We flew on to Adelaide to stay with a friend. I liked the city – it was sedate with pretty buildings, parkland and good restaurants (you will spot a recurring theme in this article) and I enjoyed the State Museum with the biggest collection of Aborigine artefacts in the country, the art gallery and the library. We spent a day at a country festival (more food, got it?: olive oil, bread, cheese, cold meat, wine – all scrumptious) in the hills outside, and another day at the beach (with a picnic – of course) watching birds and people rootling for shellfish and a couple of seals lying on their backs and letting the water swish them about.
Then Cairns and the Great Barrier Reef. We stayed at a B&B in pretty leafy Mossman Gorge. A Kookaburra sat on the balcony railing while we had breakfast, and burst into loud throaty cackles before it flew away. At a small private zoo, I cuddled a koala (briefly – they can only work for 30 minutes a day, and I was one of many. A cliché I know but I have wanted to do this since I was about five). I avoided a baby crocodile and a python, but made friends with Max the red tailed cockatoo who loves human company. We became very close. He snuggled under my chin and made friendly little squawking sounds, and I stroked his feathers. It was hard to leave and I like to think he missed me when I went!
The Reef was an hour and 40 minutes away on a fairly big boat. We snorkelled three times and were interested by the pretty fish and the large coral outcrops, although, of course, people said it had been much MUCH better the last time they had come. It is impressive, but I am happy with Sabah’s underwater offerings. And the journey back was horrible – the wind changed and the waves swelled and we roared back through them at the rate of 20 knots and I was not happy at all – but proudly not sick either.
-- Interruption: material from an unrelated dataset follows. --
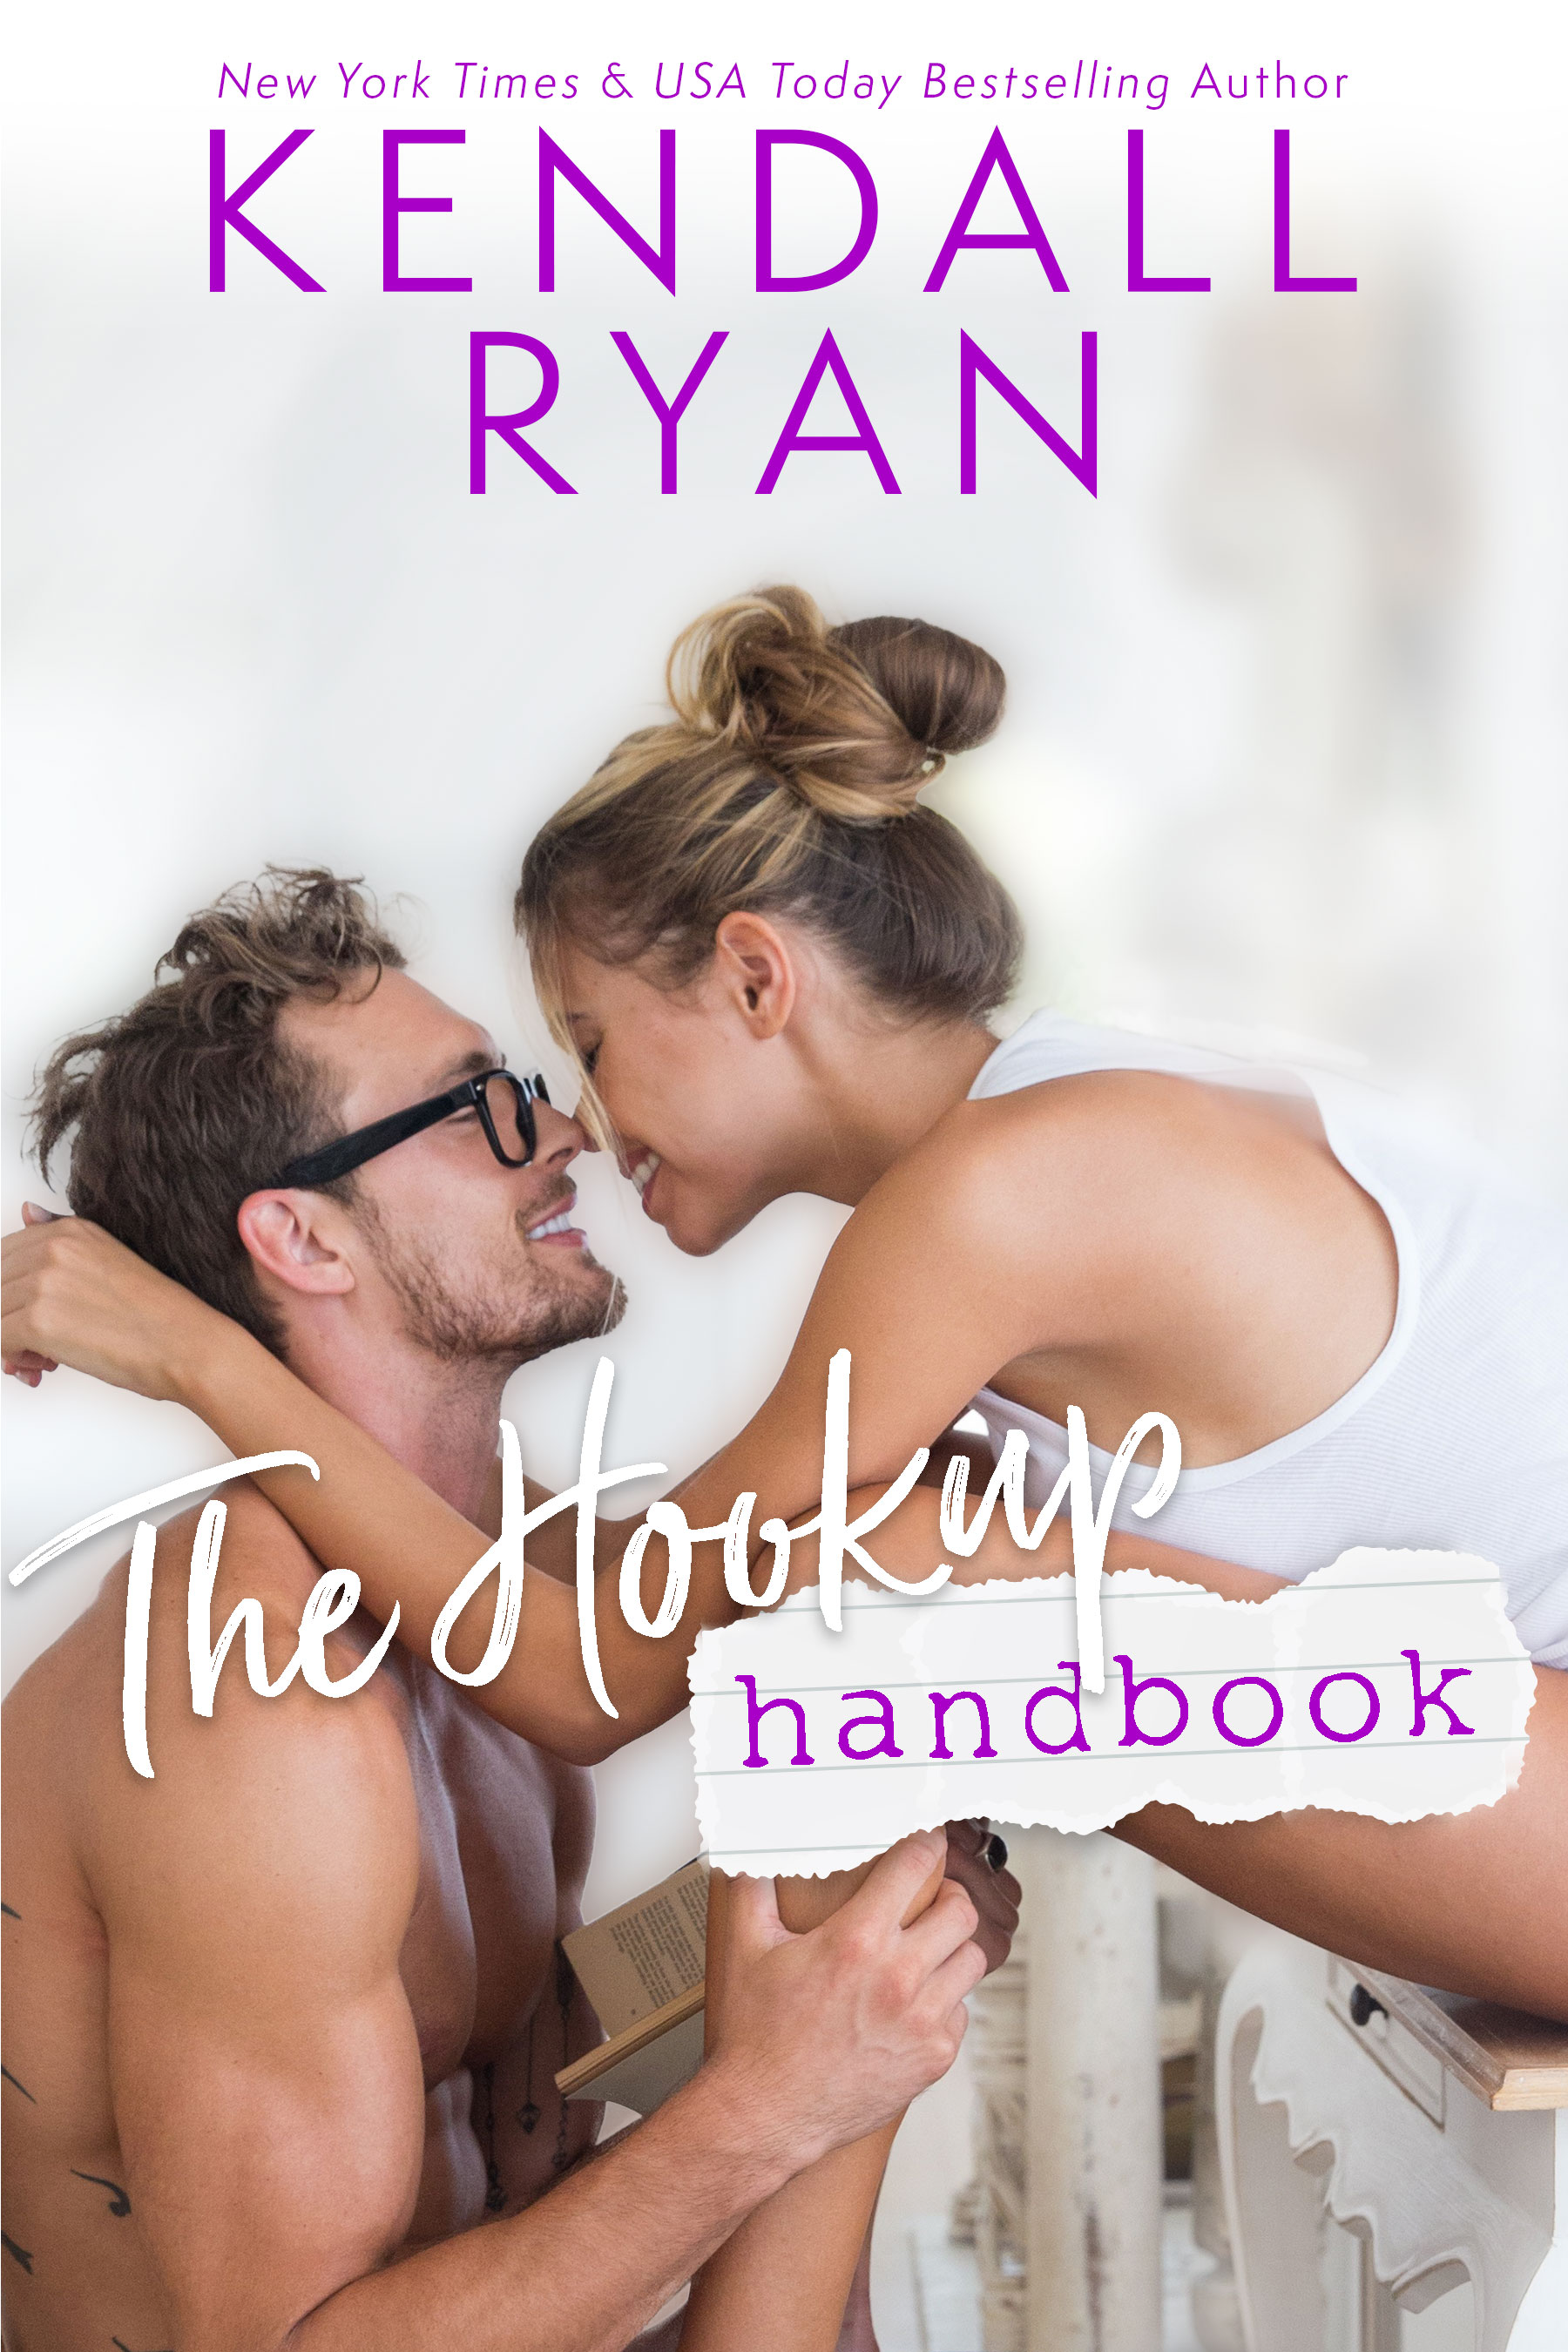 The Hookup Handbook by Kendall Ryan [Release Blitz]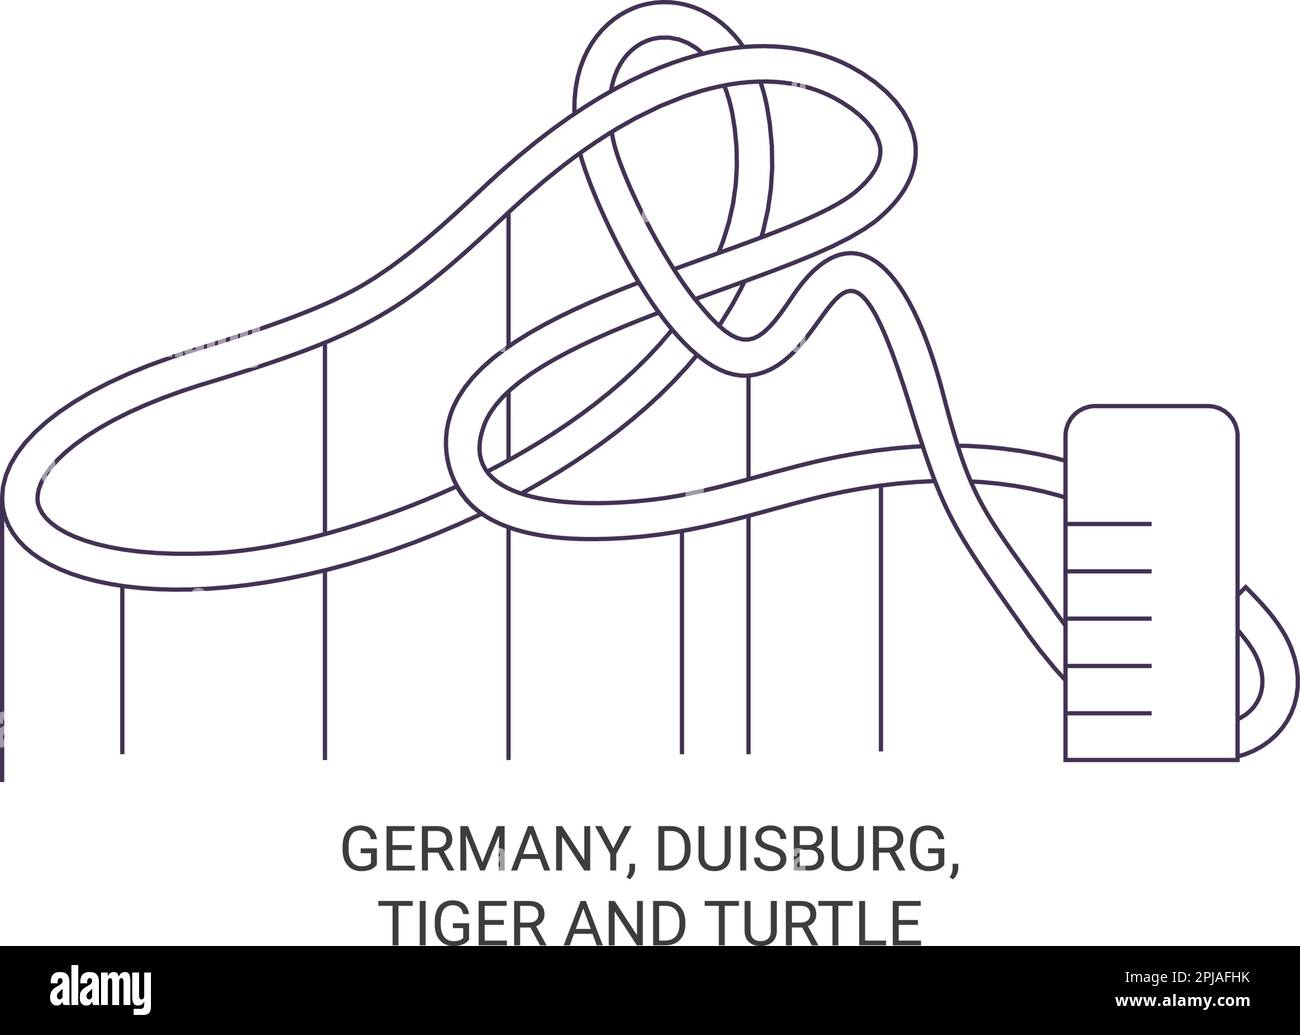 Germany, Duisburg, Tiger And Turtle travel landmark vector illustration Stock Vector

Sydney was our next stop. I am not sure what I was expecting. The views of the harbour and the Opera House are lovely, and of course oddly familiar. The ferry ride out to Manly was interesting and made us realise how much water there is in Sydneysiders’ lives. The restaurants in The Rocks, where we were, were very expensive, but pretty good. And my biggest thrill was reading Cap’n Bligh’s logbook from the Bounty, presumably before the crew mutinied. We went to the Museum of Contemporary Art (tick) and the Library (tick) and the Museum of Art (tick – I have decided I like nineteenth century Aussie paintings and note the number of female names) and we walked through the Botanic Garden and Hyde Park, both of which were fresh and airy and full of hearty runners. I would have liked to go to Kings Cross and Paddington etc but there was no time. Another day, and then probably another sense of Sydney.
We had two weeks and we got about a bit, but I couldn’t claim to have more than a superficial sense of the continent. I expected Australia to be more American in flavour, and it wasn’t. It is big, it feels big, and the land at this season is pale beige, dry and crispy dusty. The aboriginal artefacts tell many tales, none of which we knew. We stopped by the side of the road to see the Canoe Tree; a good few years ago, bark was taken off to make a canoe, leaving a tree that had seen better days, with an oval scoop out of the trunk. No sign, no information though – we were lucky our host knew about it.
Kookaburras chortled, kangaroos bounded about as we drove along. There was no doubt where we were, and I hope we have the chance to go again.
Apologies for all the photos of me, but I wanted to show relative sizes of animals etc. The picnic on the beach is just a jolly photo.